There's the child who incorrectly says the flu kills more people than the coronavirus. That kid's parents vote. There is the woman who — really — said, "When George Floyd was saying 'I can't breathe,' and then he died. And now we're wearing a mask, and we say 'I can't breathe,' but we're being forced to wear it anyway!" (SPOILER, that lady does not appear to have died of "mask." She votes, though, we bet.)

There's the old woman who says:

"I'll tell ya another reason I hate masks -- most child molesters love 'em!"

That is this QAnon crap, and it is bugfuck. That old lady has been convinced that "most" child molesters just love masks, and no we don't know why these people think imaginary "child molesters" just loooove masks, but she probably votes.

The local journalist doesn't push back on claims that coronavirus is a "hoax" or that "asymptomatic carriers simply do not exist."

People on the internet really want to believe this video is some sort of hoax. It does feel like an "SNL" sketch, it is such a parody of itself.

It's real, y'all. A significant portion of the American population has gone utterly bugfuck. And they follow literally the stupidest man alive on the entire planet, who happens to be the sitting president of the United States. He feeds off their bugfuck, and they feed off his bugfuck.

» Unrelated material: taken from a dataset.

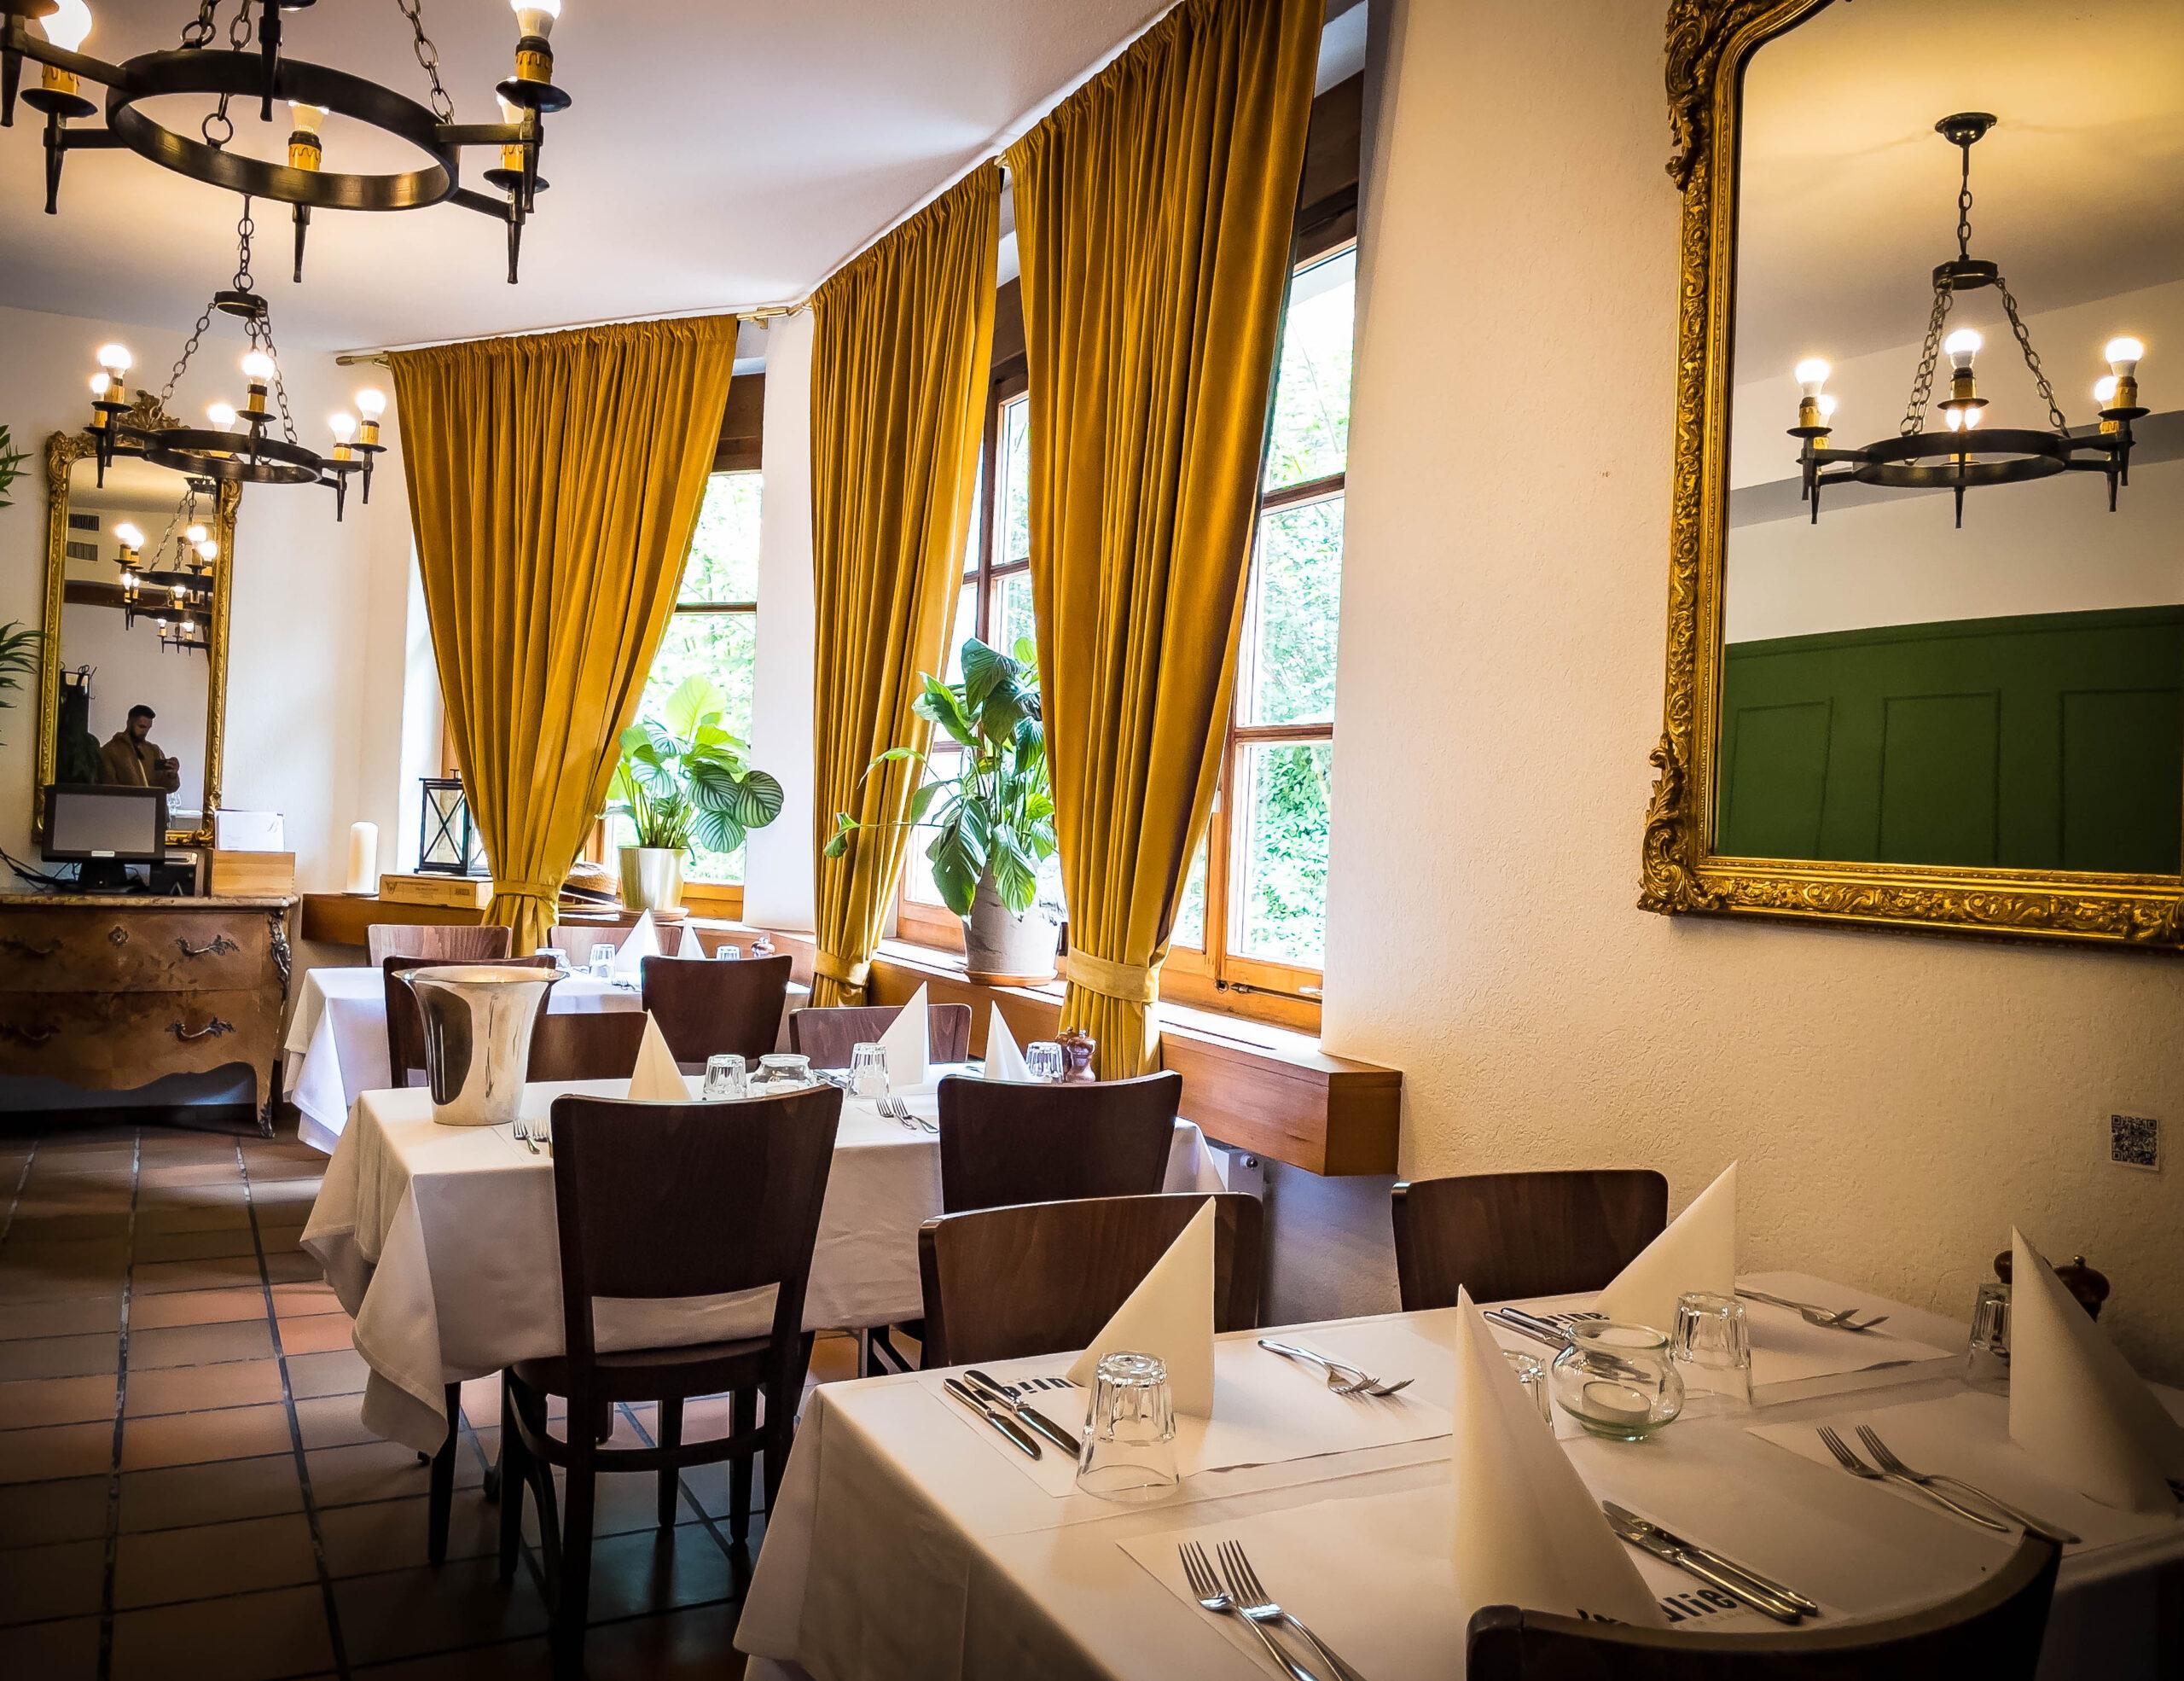 Erlachstrube Restaurant Beaulieu Bern

Hey, here he is yesterday in California, where it is literally on fire, telling a real scientist that ACTUALLY global warming is fake, and that it's going to start getting cooler any minute now:

And that's when President Rake-The-Forest wasn't talking about how forest fires are caused by EXPLOSIVE TREES THAT EXPLODE. Because that's a thing he said.

And you know why else we don't like SPLODEY TREES? Because child molesters just LOVE 'em!

Jesus. Fucking. Christ.

We are 49 days from the election. Seven weeks. All the news is like this right now. For evidence of that, stay tuned to your local Wonkette today! And catch up on Trump idiot Michael Caputo, the science-free moron most famous for showing up just about everywhere in the Trump-Russia scandal, who now works at the Department of Health and Human Services to feverishly bury actual science on the pandemic from the CDC. In case you didn't hear, he's yelping on Facebook that the CDC and the armed liberals are going to murder him, and he's seeing very long shadows on his ceiling, and they are scare him.

Again, 49 days. If we don't beat the absolute crap out of these people WITH VOTES, MICHAEL CAPUTO, STOP PISSING YOUR PANTS, on November 3, we ain't gonna have a country anymore.

Plan your fucking vote.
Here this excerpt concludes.